For Alexander, it took time to be away from the team to truly understand the meaning behind the name Redskins. Now, more than ever before, he understands why the name may need to be a thing of the past.

"I think once you kind of step away from it and kind of analyze what the word means and the progression of it – because it wasn't always a derogatory name, but at some point, it got attached to killing of Native Americans," Alexander said. "There's obviously a group in the Native American community that feels that it is derogatory, and they've always shown up and always protested, even while I was there, as far as getting the name changed."

With the social justice movement and fight for racial equality in America in full effect following the killing of George Floyd, Alexander believes that it would have been "hypocritical" for him not to advocate for a name change.

"I think we can no longer kind of stand behind ignorance or the fact that it doesn't really impact me," Alexander said. "So as a black man in the community, [it] would be very hypocritical for me to say, 'No, I love the name! It doesn't impact me!' when my community is kind of in an uproar right now speaking out on the same thing to the white community as far as some of the things that we see and how our lives are impacted."

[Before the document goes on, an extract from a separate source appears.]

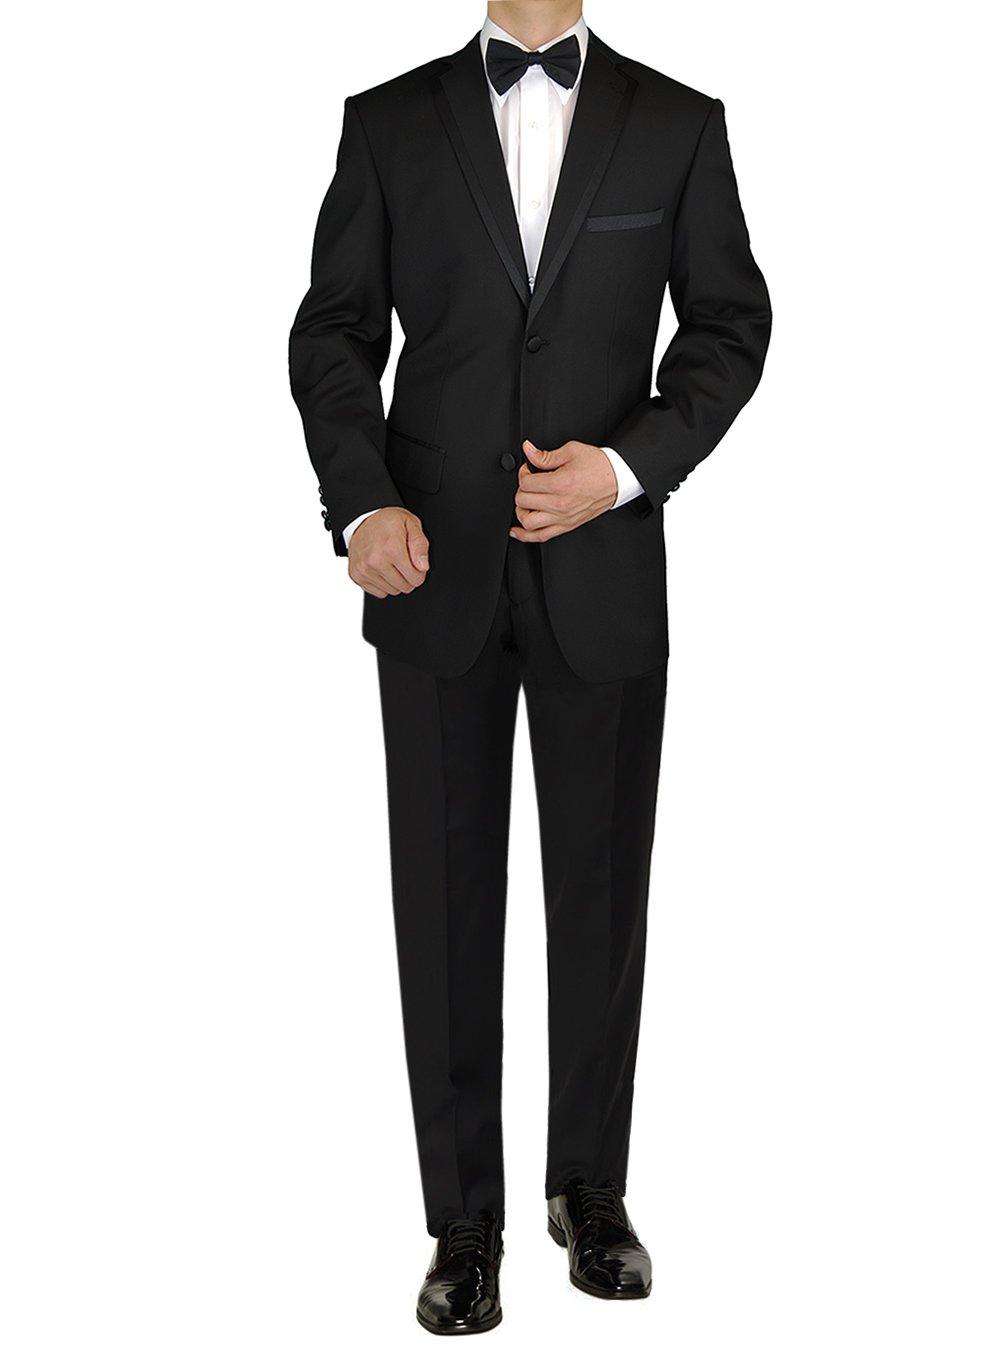 GN GIORGIO NAPOLI Men's Tuxedo Suit 2 Button Notch Lapel Adjustable Pants Black (48 Regular US,black)

RELATED: NEW REDSKINS NAME WILL NOT CONTAIN NATIVE AMERICAN IMAGERY, PER REPORT

During the interview, Alexander repeatedly emphasized how important it is for people with a powerful voice to speak up about societal issues, as that is one of the best ways to create a meaningful change.

Alexander commended FedEx being the first Redskins' sponsor to publicly call for a change, even with the company having such a lucrative partnership with the team. Additionally, Alexander mentioned that he doesn't think the movement to change the name would be so strong had the company not publicly raised concern about it.

"Some are bigger than others and that's why it takes all of us to create change because if FedEx didn't jump on board, this probably wouldn't have got done," Alexander said. "And so by them including themselves in the conversation and for change, it allowed for change to occur, and that's why I think everybody's responsible for the direction of our country as we move forward."